[Stored data]

--

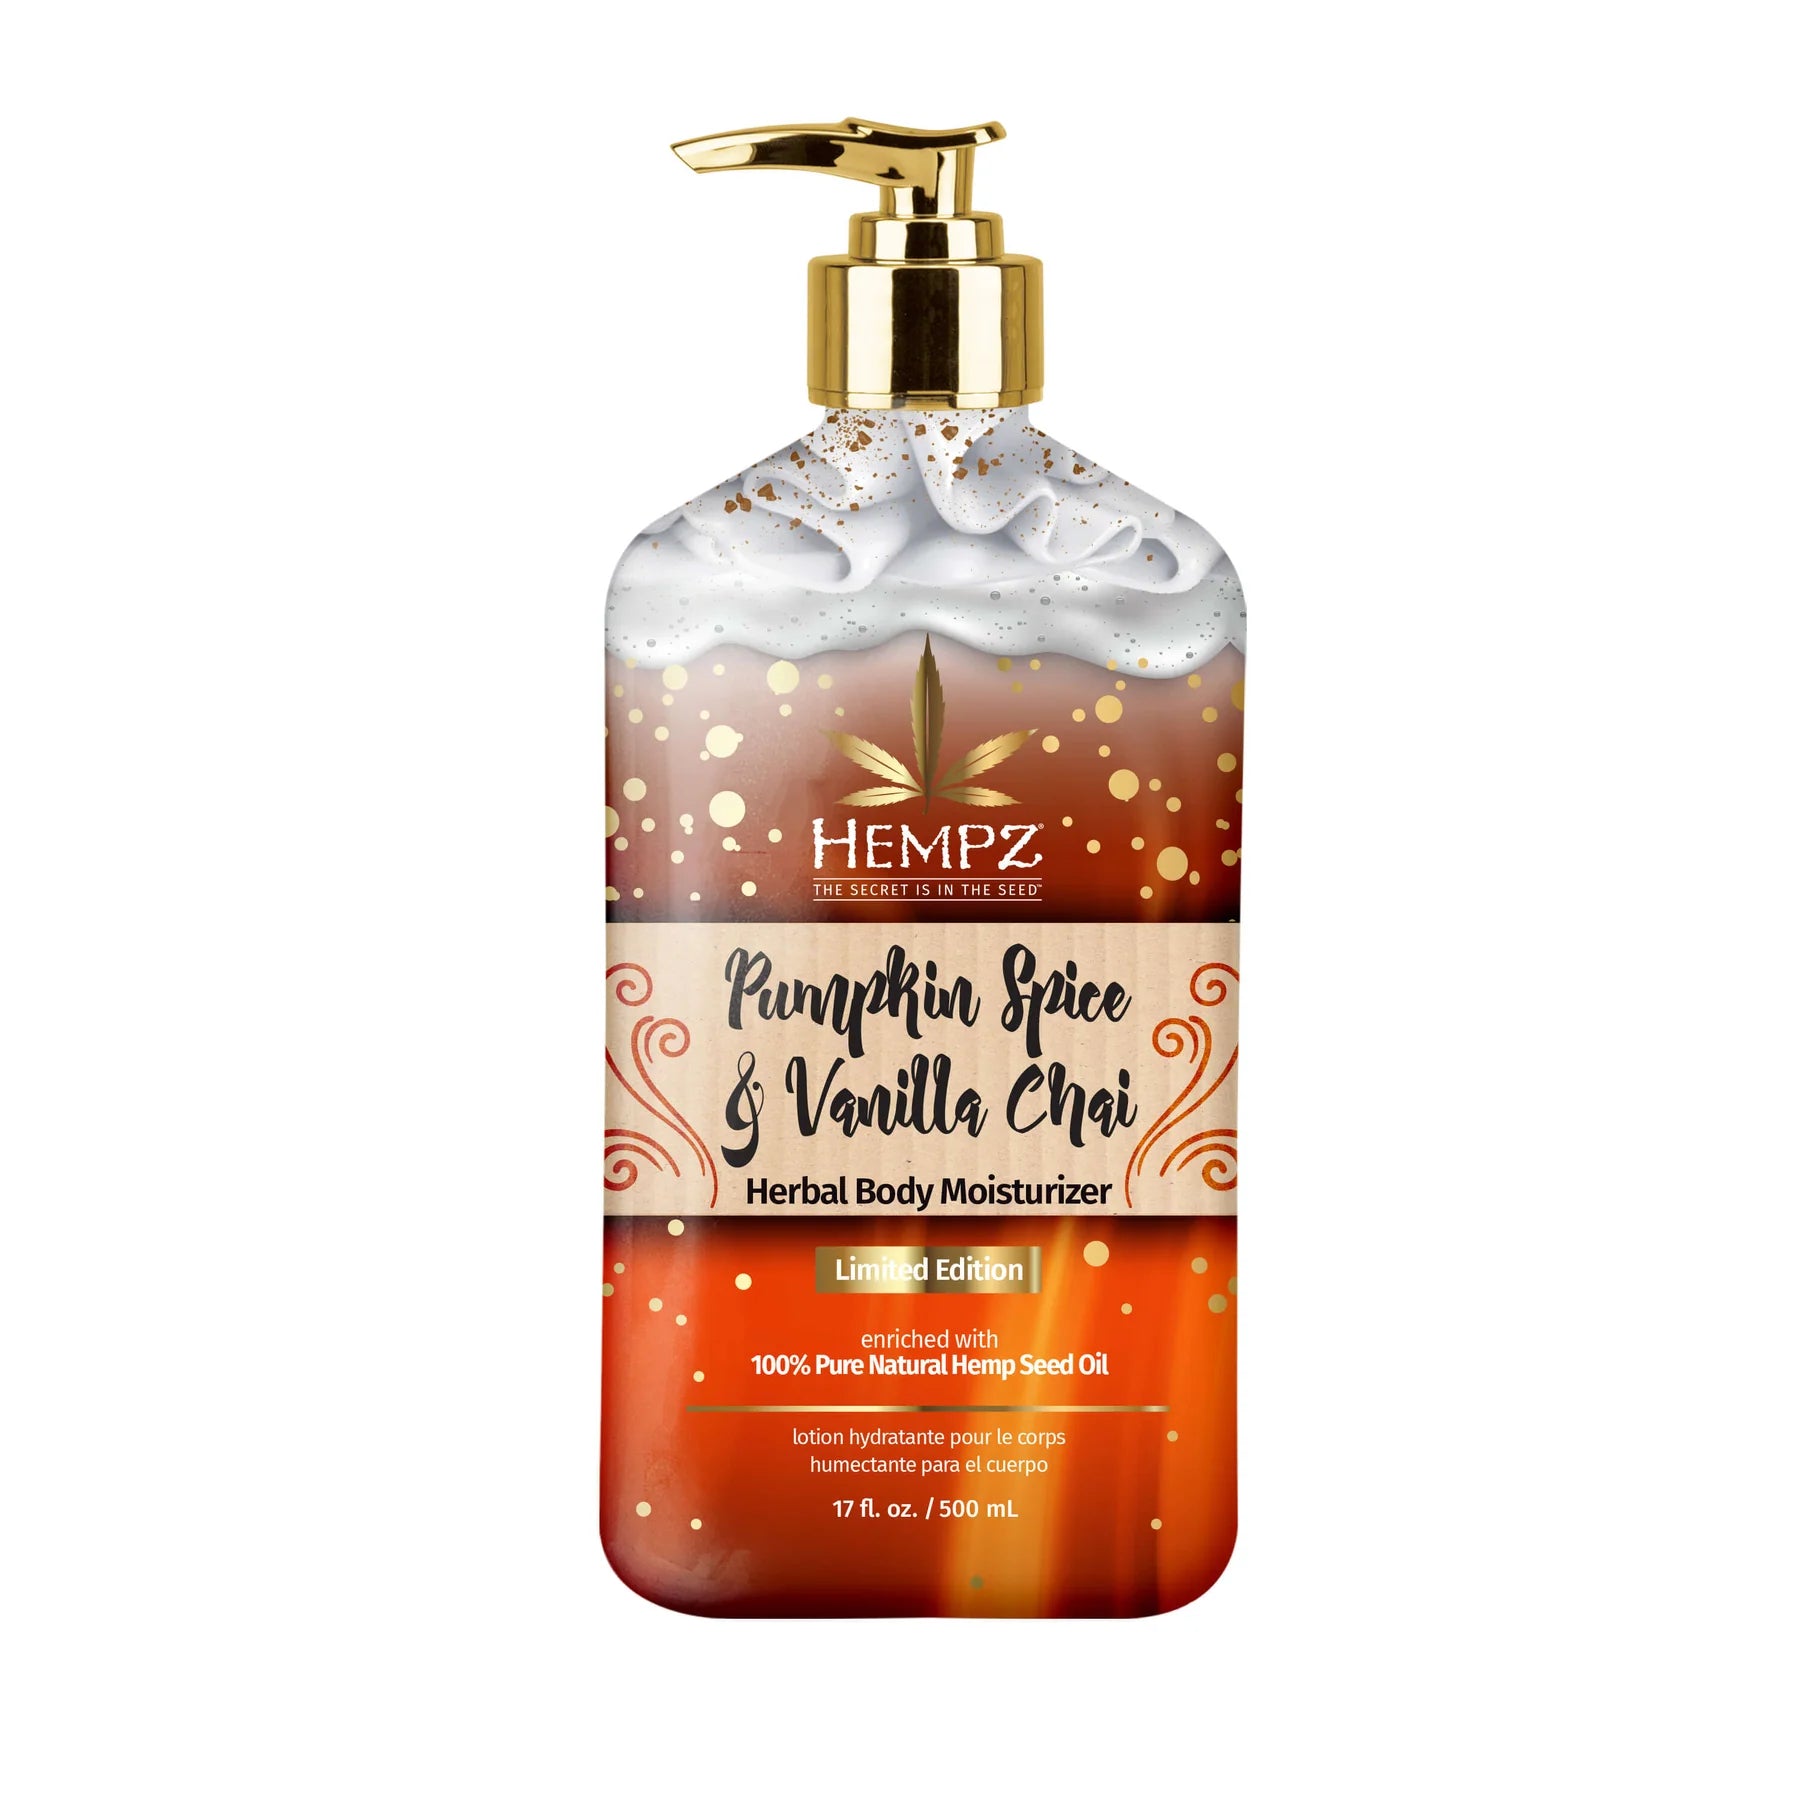 Hempz - Limited Edition Pumpkin Spice & Vanilla Chai Herbal Body Moisturizer - Creata Beauty - Professional Beauty Products
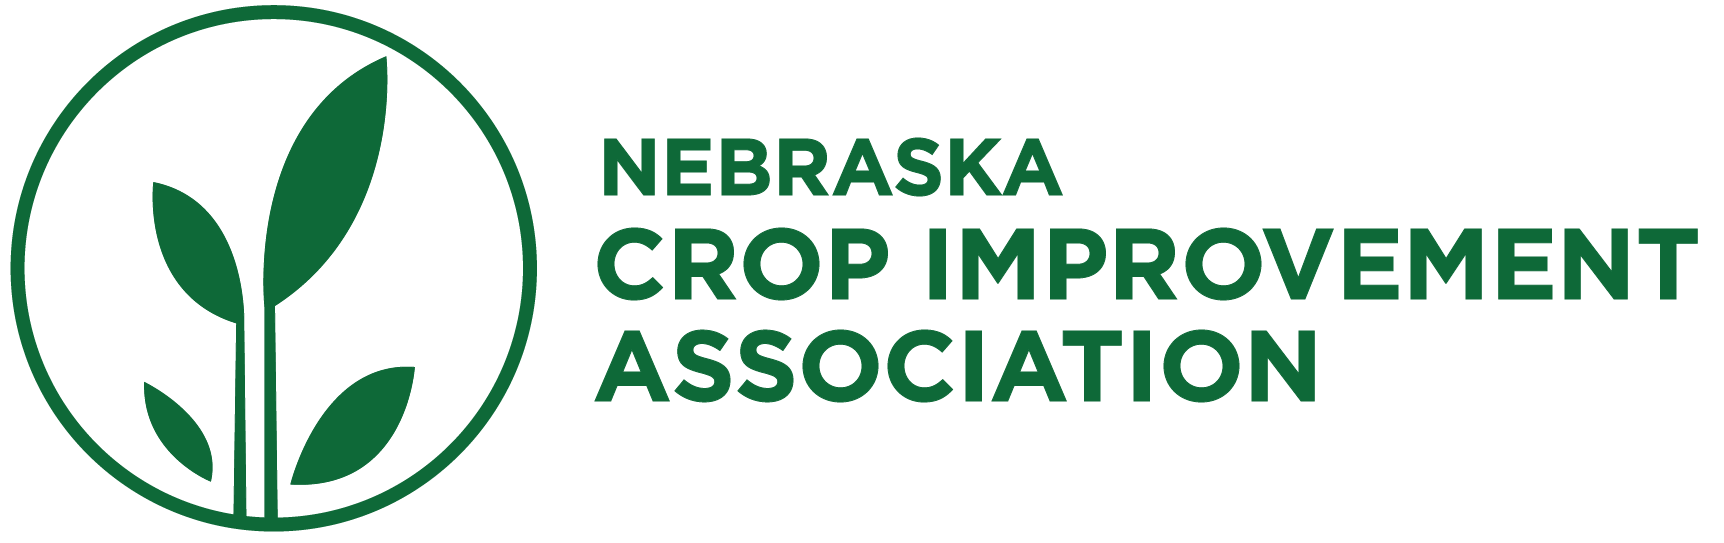 Nebraska Crop Improvement Association logo
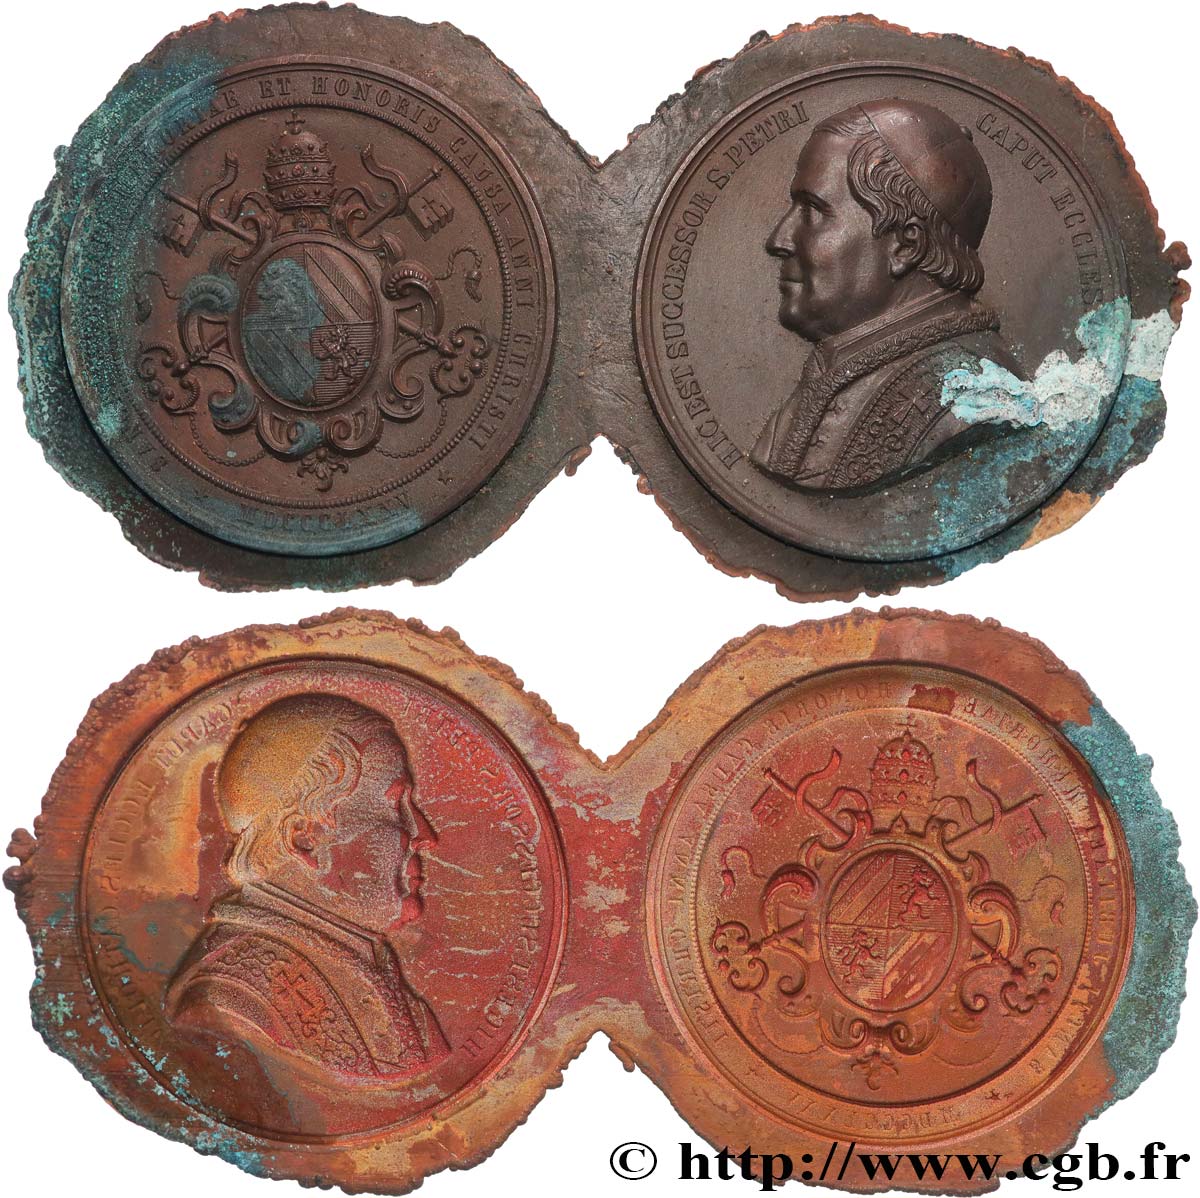 ITALY - PAPAL STATES - PIUS IX (Giovanni Maria Mastai Ferretti) Médaille, Jubilé épiscopal du pontife, tirage incus XF
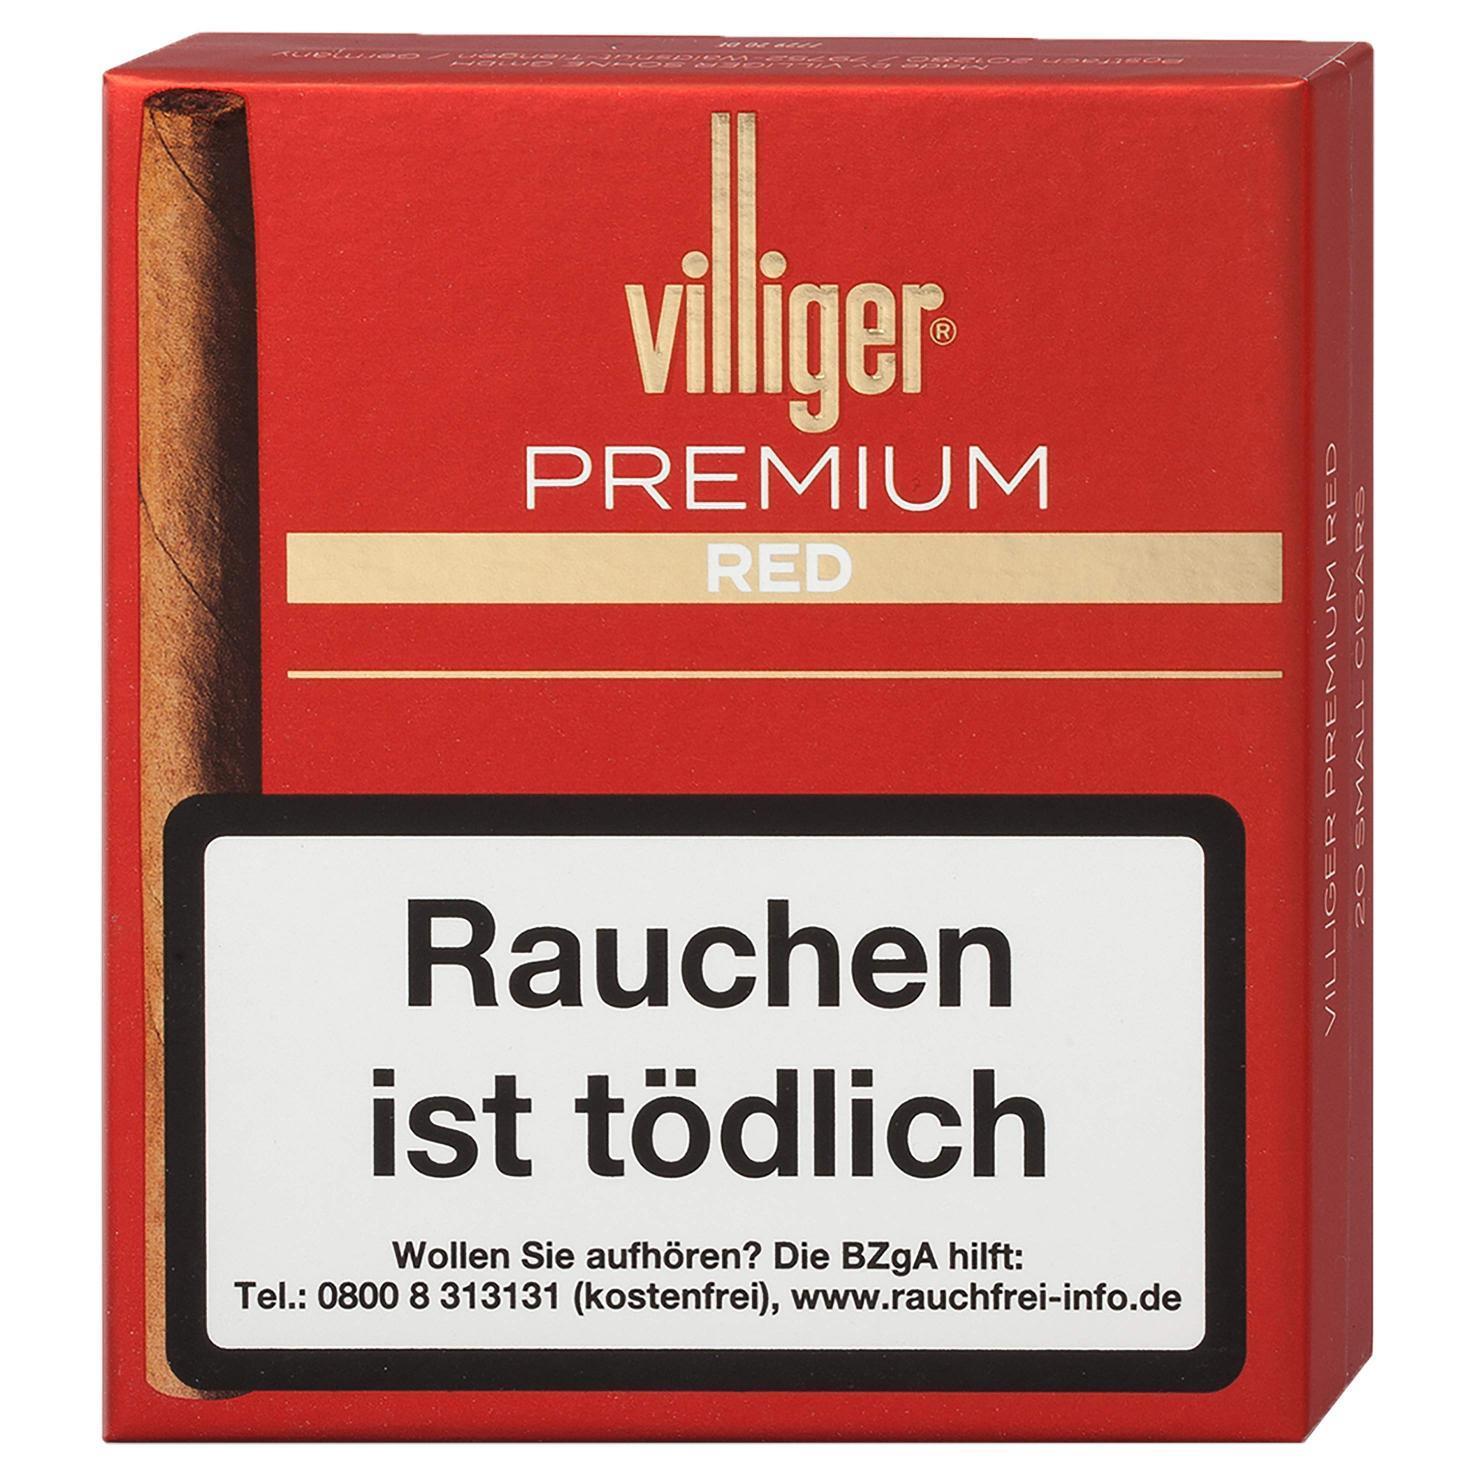 Villiger Premium Red 5 x 20 Zigarillos 20St
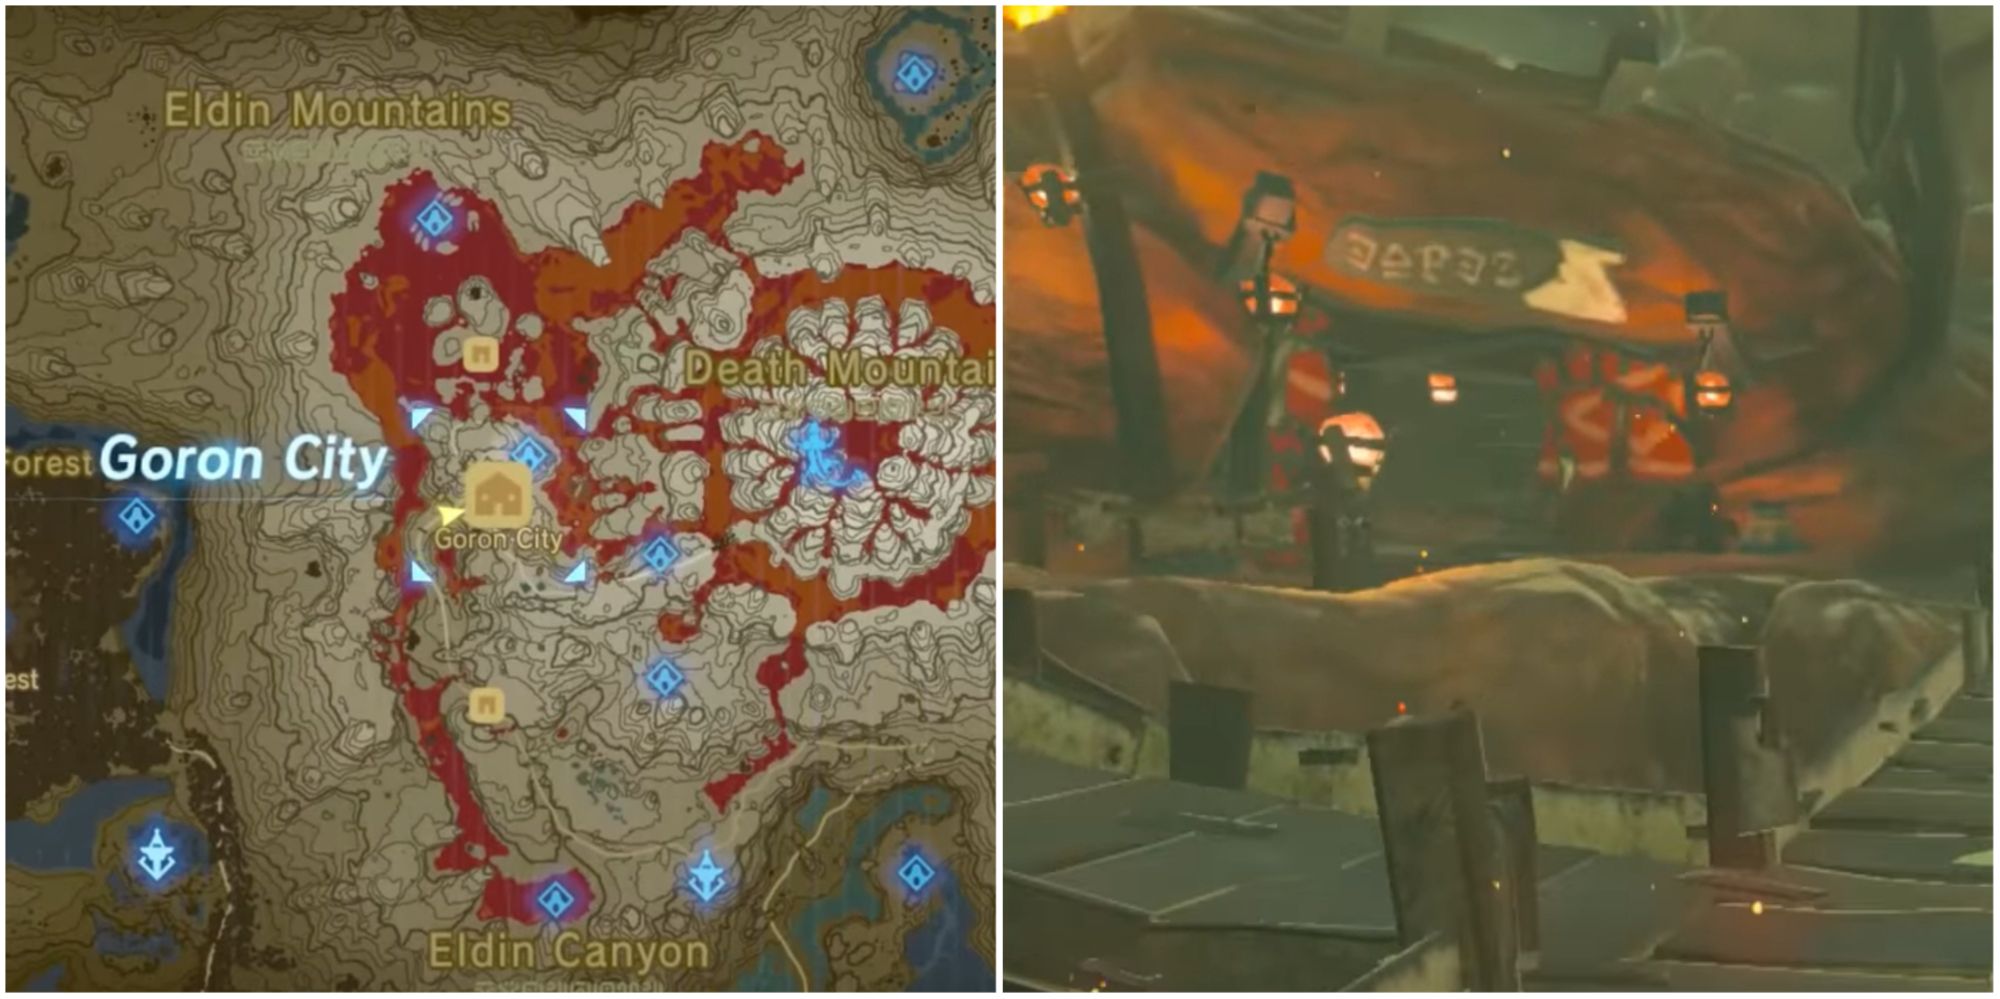 Legend Of Zelda Breath Of The Wild Split Image Showing Goron City Location

--

Reproduce nothing but the lines running from the line with "Villiger Premium Red 5 x 20 Zigarillos 20St" through the end of the records, keeping both end lines and dropping the pictures.

* ANSWER SECTION:
 Villiger Premium Red 5 x 20 Zigarillos 20St
 Legend Of Zelda Breath Of The Wild Split Image Showing Goron City Location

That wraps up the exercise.